Помню поездку на строительство электростанции в Днепродзержинске, где мы жили в поселке инженерно-технических работников (ИТР) в каком-то маленьком домике. Правда, тогда город назывался по-старому — Каменское. Таким я его и запомнила. Участвовал папа и в строительстве Днепрогэса. Конечно, в моей памяти запечатлелись не эти сооружения, а то, что меня окружало непосредственно, — люди, звуки, природа. Мне особенно нравилось, как по вечерам пели украинские народные песни. И природа вокруг была удивительной. Тогда без боязни можно было пить воду из Сожа или Днепра — такой она была чистой. После весенних разливов в прибрежных лугах и низинах оставались маленькие озерца. Для нас, детей, они были словно большие аквариумы: смотришь в них, а они настолько прозрачные, что видно все, что там происходит. Мы подолгу могли наблюдать, как там плавает рыба — серебристая, с красными перышками-плавниками.
Папа был человеком энергичным, подвижным, и однажды мы совершили с ним настоящее путешествие. Помню, как сначала мы плыли по реке Сож на небольшом пароходике, на Днепре пересели на пароход побольше и спустились на нем вниз, до устья.
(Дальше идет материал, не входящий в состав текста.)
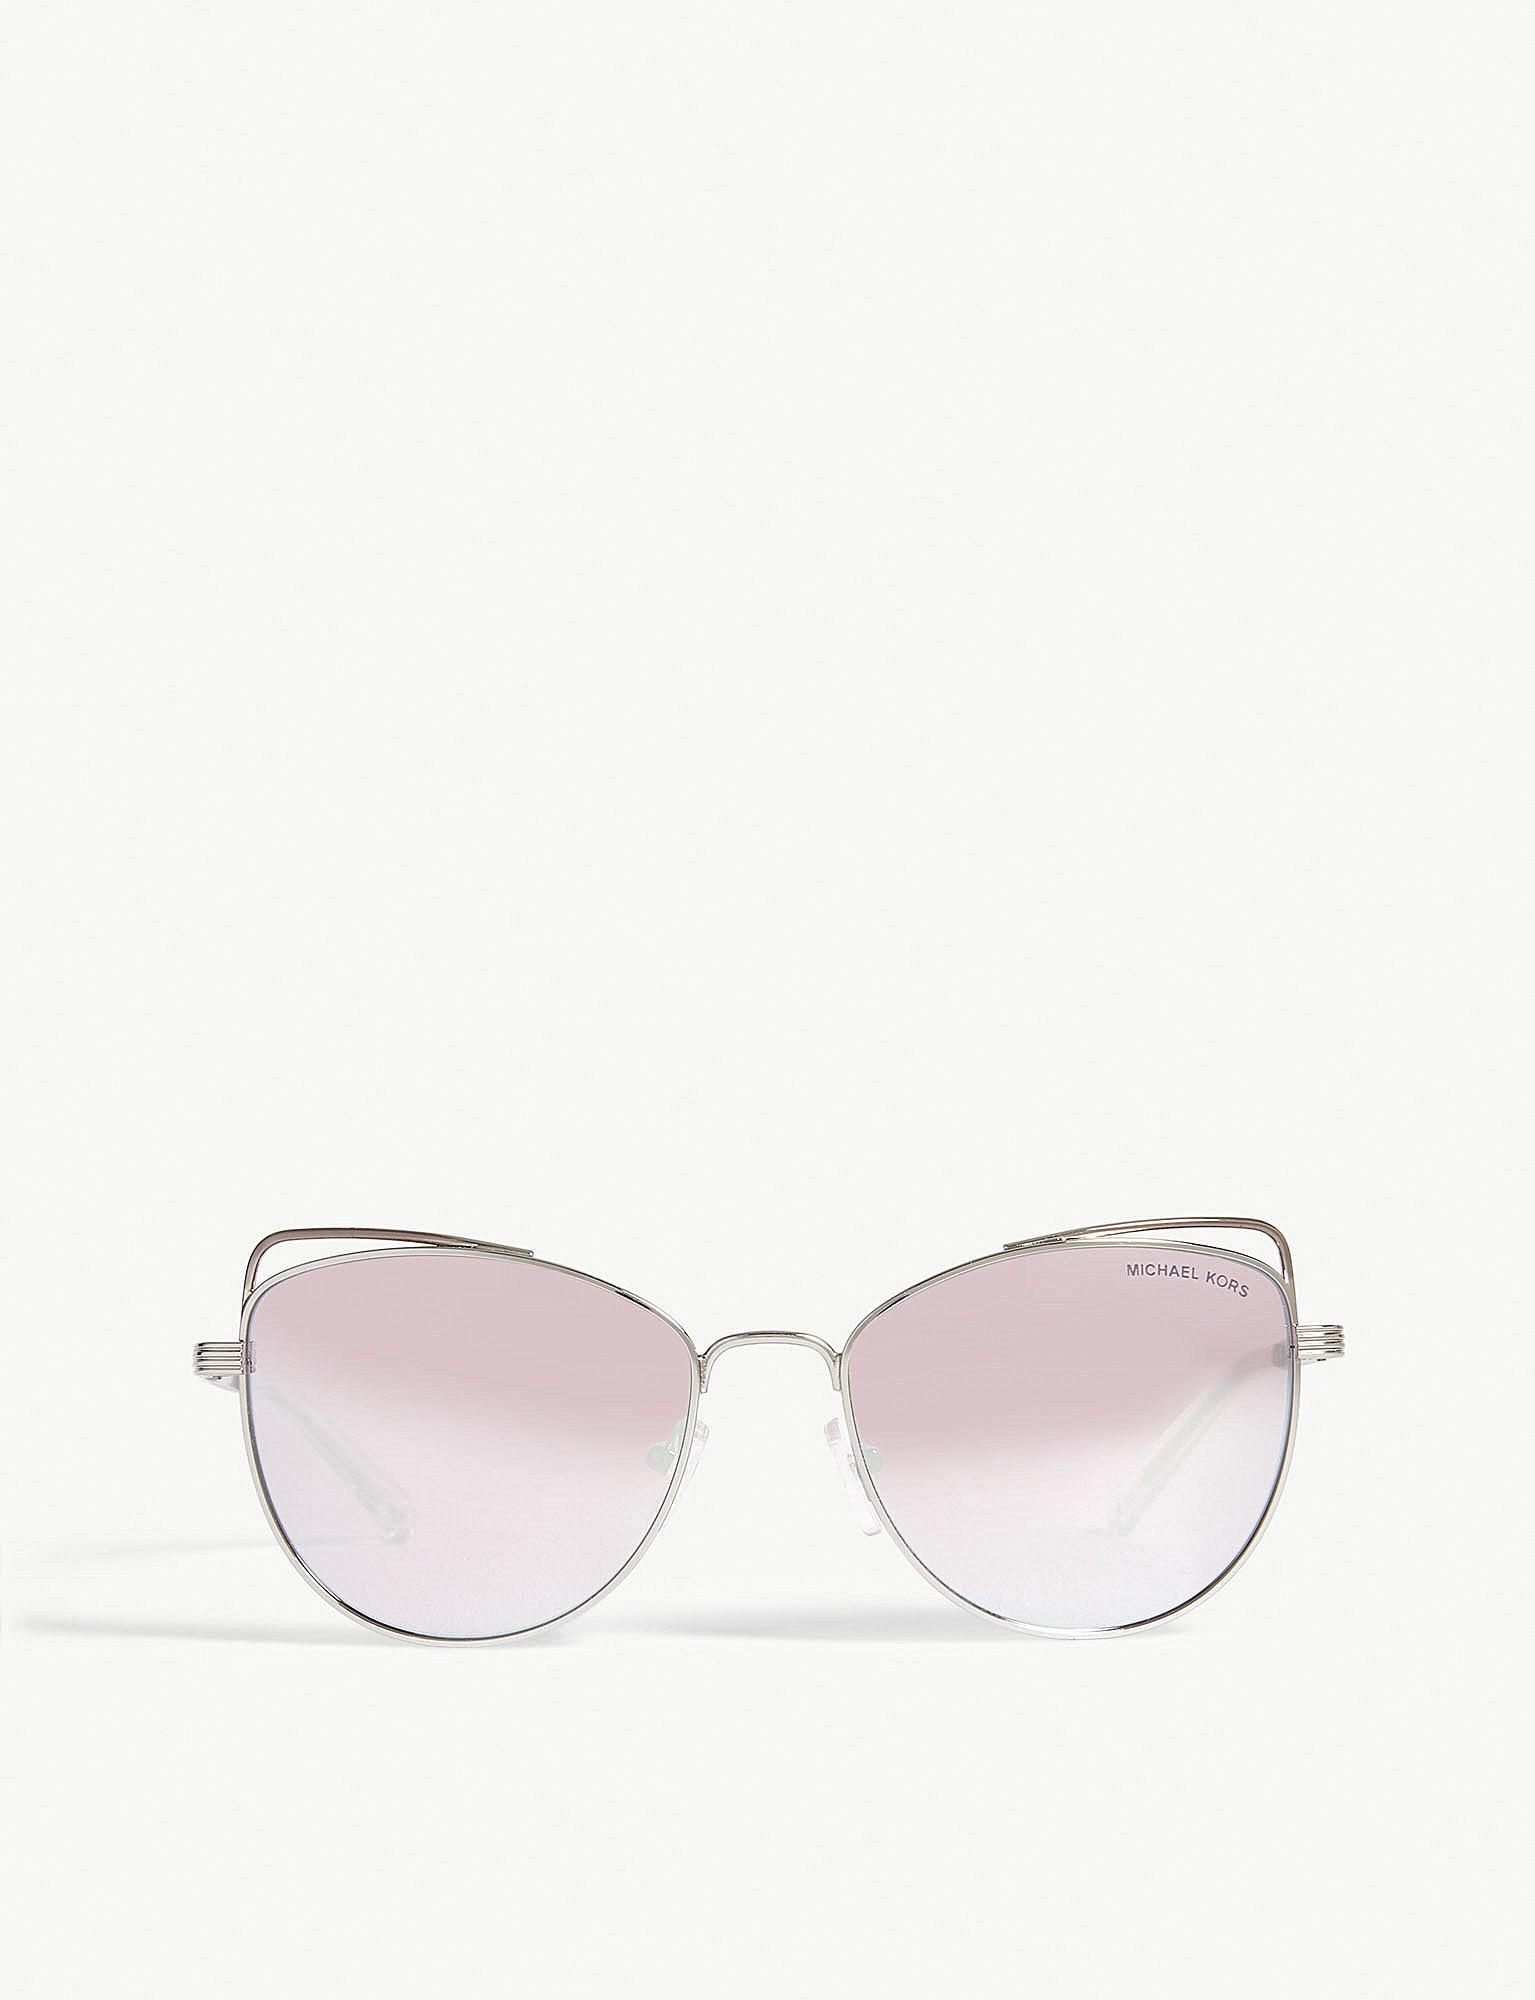 michael kors silver gold st lucia cat s eye sunglasses mk1035 in Oakley Frogskins Sunglasses view fullscreen

Из города Николаева уже на настоящем морском судне добрались до Батуми, а оттуда вернулись по железной дороге в Москву. Нетрудно себе представить, сколько впечатлений мы получили, сколько нового и необычного для себя увидели.
Когда мы с братом стали подрастать и пошли в школу, мама уже не могла сопровождать папу в его странствиях по стройкам. А потом в этом отпала необходимость: папа стал принимать участие в московских стройках. Он работал на строительстве комплекса зданий Библиотеки им. Ленина, начинал возводить Дворец Советов, который должен был подняться на месте снесенного в декабре 1931 года Храма Христа Спасителя. (Кстати, я помню, правда, не очень отчетливо — из-за малого возраста — тот, еше не разрушенный храм.) С годами папа стал крупным специалистом в области строительства, с огромным практическим опытом, его пригласили на преподавательскую работу в московский вуз, впоследствии он стал профессором.
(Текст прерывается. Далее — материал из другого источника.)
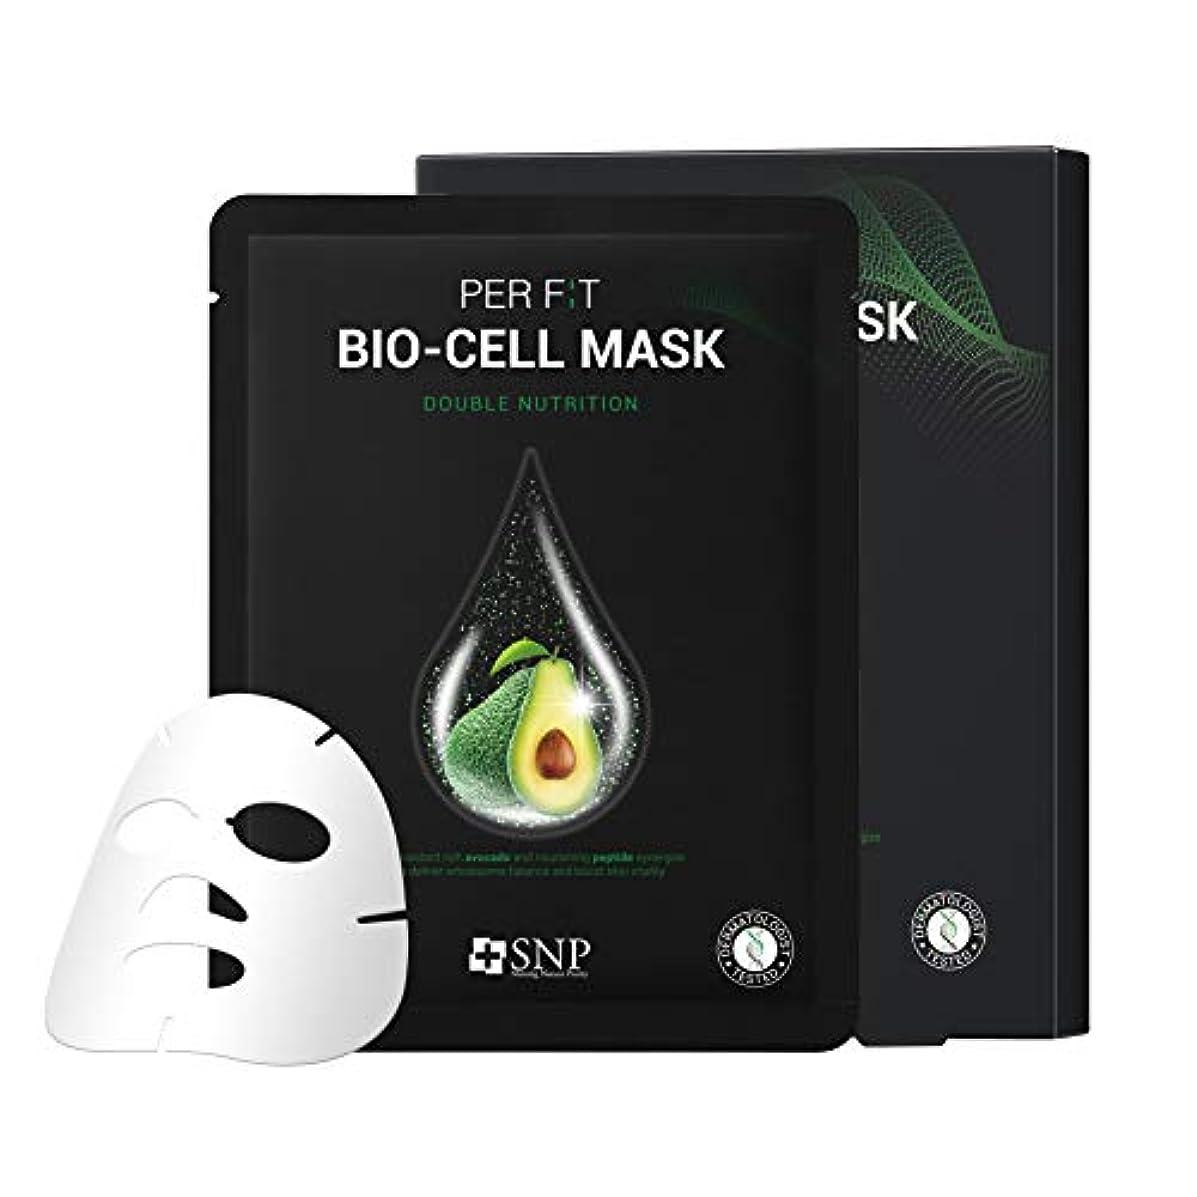 【SNP公式】 パーフィット バイオセルマスク ダブルニュートリション 5枚セット / PER F:T BIO-CELL MASK DOUBLE NUTRITION 韓国パック 韓国コスメ パック マスクパック シートマスク

Но наши путешествия не прекращались, правда, теперь они были уже не столь далекими. Мы стали много ездить по Подмосковью, куда нас вывозили на лето из пыльного и шумного города. Родители снимали дачи то в очень красивых местах к северу от Москвы, в районе Яхромы, то в Манихино по Ржевскому направлению. Особенно мне запомнилась поездка в Тверскую область. Нас везли куда-то на телеге, а вокруг дороги стоял густой лес, который казался нам загадочным. Помню, что мы жили в каком-то огромном помещении, что-то вроде сарая, где стояли большие не то столы, не то помосты, а по стенам висели сбруя, хомуты… Настоящий деревенский колорит.
Меня особенно интересовали бившие из-под земли родники, которых в тех местах было почему-то много. Я воображала себе, как там, глубоко под землей, они уходят куда-то далеко-далеко, в какой-то таинственный подземный мир. Как было не работать детской фантазии, когда вокруг было столько интригующего, столько загадочного — стоят высоченные деревья-великаны, и вдруг из-под самых их корней бьют родники с чистейшей и вкуснейшей водой. Откуда они появлялись на поверхности? Теперь, по прошествии многих лет, я понимаю, что это было счастье — тот мир нормального детства, который нам дарили родители.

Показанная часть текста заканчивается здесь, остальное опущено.